Every trading instrument must be adjudged based on two parameters: liquidity and volatility. The liquidity of an instrument can be judged in four different ways: width, depth, resiliency, immediacy. The reason why liquidity is given the importance that it is given in reference to  trading  instruments is that a liquid instrument can be traded easily without too much of hassle. Due to the liquid nature of the instrument, very few orders aren’t carried out. Also, whenever an order is carried out, the price is more or less the price as mentioned in the order. These reasons make liquidity an important factor that’s to be considered while buying any trading instrument.

Volatility is another important metric that has to be looked at before purchasing any financial instrument. Profits lie in the volatility of an instrument. And hence, it’s important to always look at the volatility of the instrument and accordingly, set the price at which to purchase. Average Daily trading volume and Average Daily trading range are two popular metrics that are used to analyse the volatility of a particular instrument.

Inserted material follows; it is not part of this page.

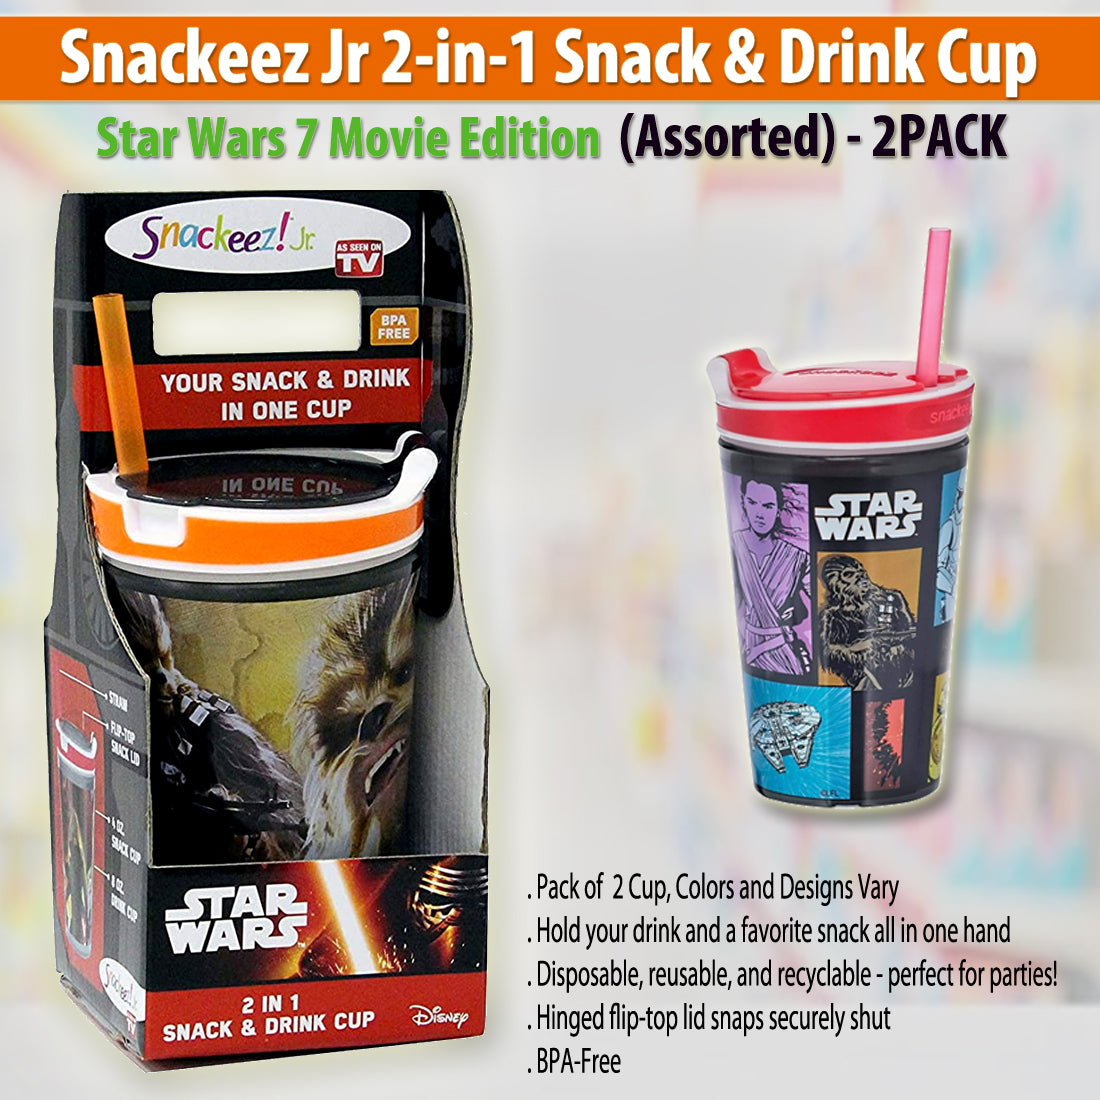 Snackeez Jr 2In1 Snack & Drink Cup Star Wars 7 Movie Edition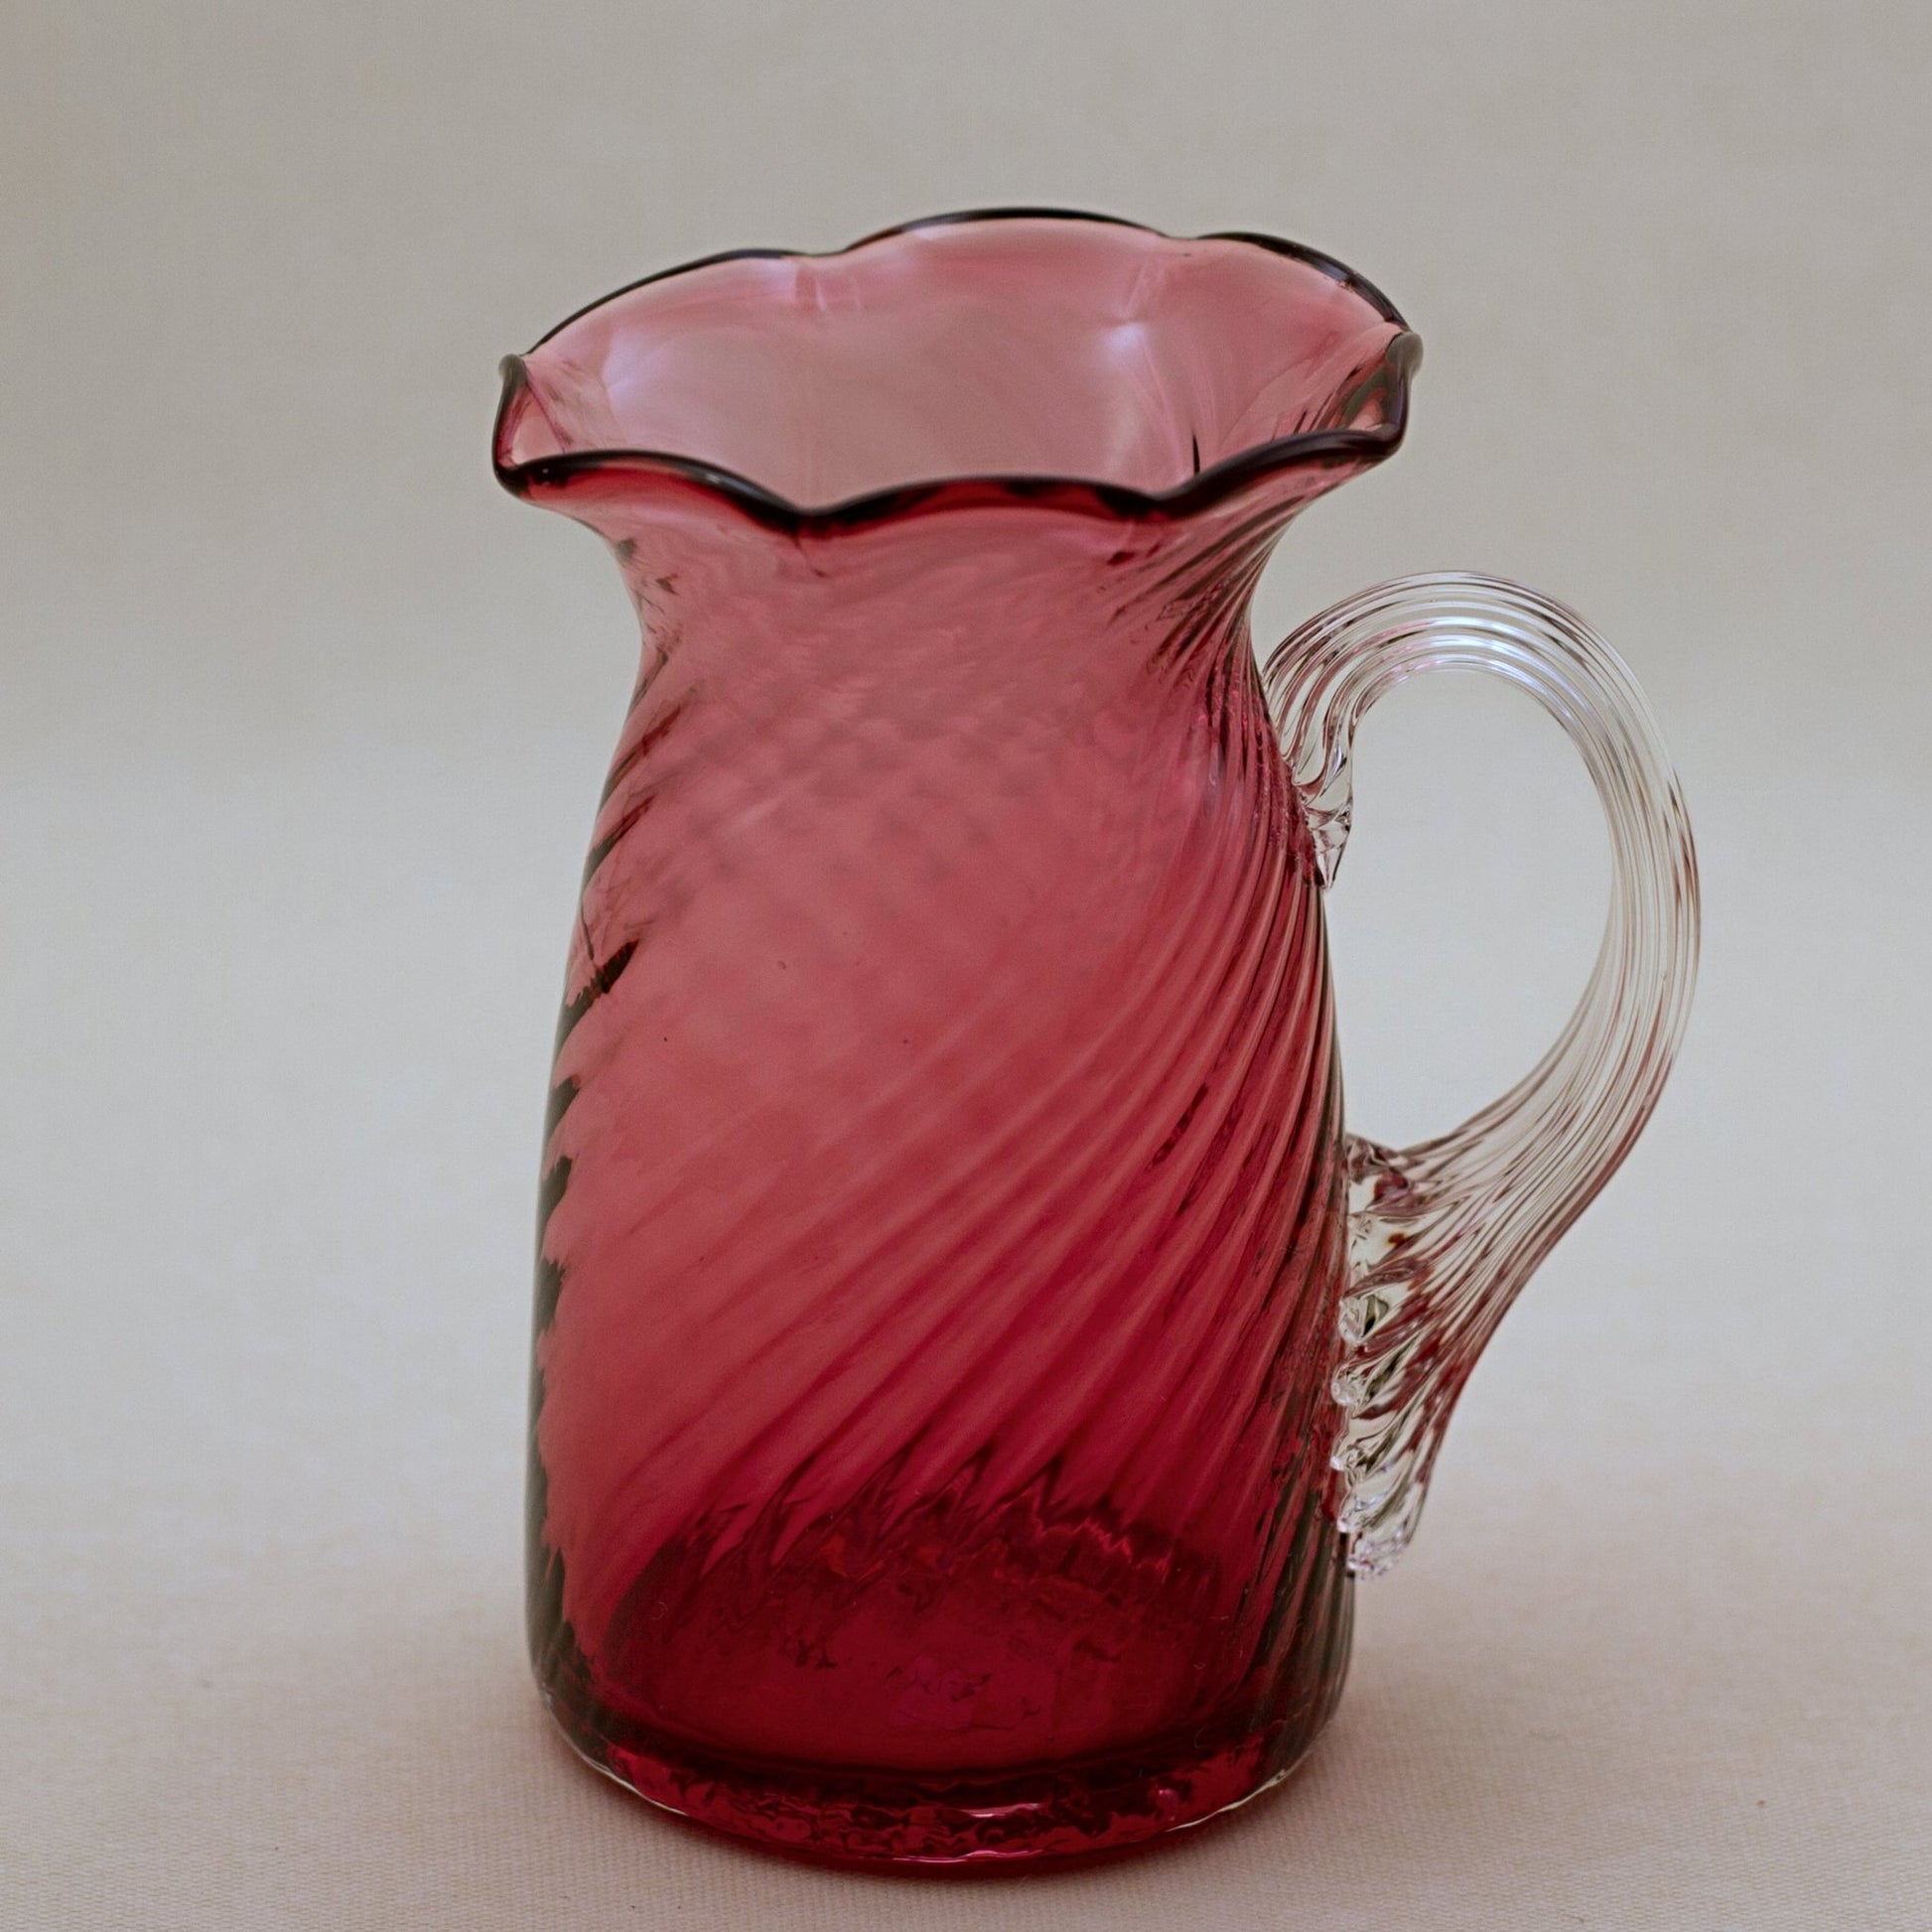 PILGRIM CRANBERRY GLASS Ruffled Rim Pitcher with Optic Swirl

Different types of trading instruments

Once you learn and understand the fundamentals behind ‘trading’, you can then literally choose which financial instrument to trade in. As a trader, there are multiple options for you to choose from. Given below are some of the different types of trading instruments:

  1. Commodities (precious metals, gasoline, agricultural products)
  2. Exchange Traded Funds
  3. Stocks
  4. Forex

How to limit your risk?

For every trader, irrespective of whether you are a beginner or a seasoned professional, risk management and risk assessment is one of the most important jobs. There are a couple of things that you can do to manage your risk effectively, these are:

  1. Ensure that your ‘trading capital’ is an amount that you can afford to lose. Be especially careful when you are trading on margins.
  2. Register profits that will make up for your future loses.
  3. Before making the trading decision, conduct a risk-to-reward analysis.
  4. Understand and use the concept of ‘probability’ while making trading decisions (basic probability).
  5. Ensure that you come up with a stop-loss for yourself, one that’s protective and realistic. Keep one for each trade.
  6. Be smart when and realistic whenever you are trading in quantities.

Automated Trading Systems

Technology has taken over the trading systems. Automatic trading systems are systems that automate the entire trading process. You can do things like, place a bid on a stock in the morning and if the stock ever reaches the price mentioned by, it will be purchased automatically. The same goes with sale. Automated trading systems are the new thing, no doubt. But looking at them from a trader’s perspective, here is what one’s noticed:

  • For a trader, it eases the stress on him/her to maintain a cordial relationship with their broker in order to get the job done.
  • Extremely safe as there’s no room for computer interpretation.
  • Makes it easier for a trader to follow their trade plan.
  • These systems are better suited towards the dynamic nature of trading markets today.
  • Makes diversification of trading much simpler.
  • One of the biggest drawbacks of these systems is their mechanical failure which in turn leads to other problems.

Essential documents for a ‘trader’

In a perfect world, you should have the copies of these documents in both: hard and soft copy formats.

  • Description of your trading plan.
  • Historical data of your trading plan.
  • Any programming codes and other inputs which can be associated with your trading plan.
  • Brokerage statements; reconciled monthly.
  • Trading journal.
  • Economic calendar along with market holidays marked on it.
  • Important phone numbers (broker, etc)

Keep all these documents and a professional such as a CA or CPA to handle your taxes. You can handle them on your own even but trading taxation involves a lot of complexities and is highly dynamic hence, hiring a professional is more advisable.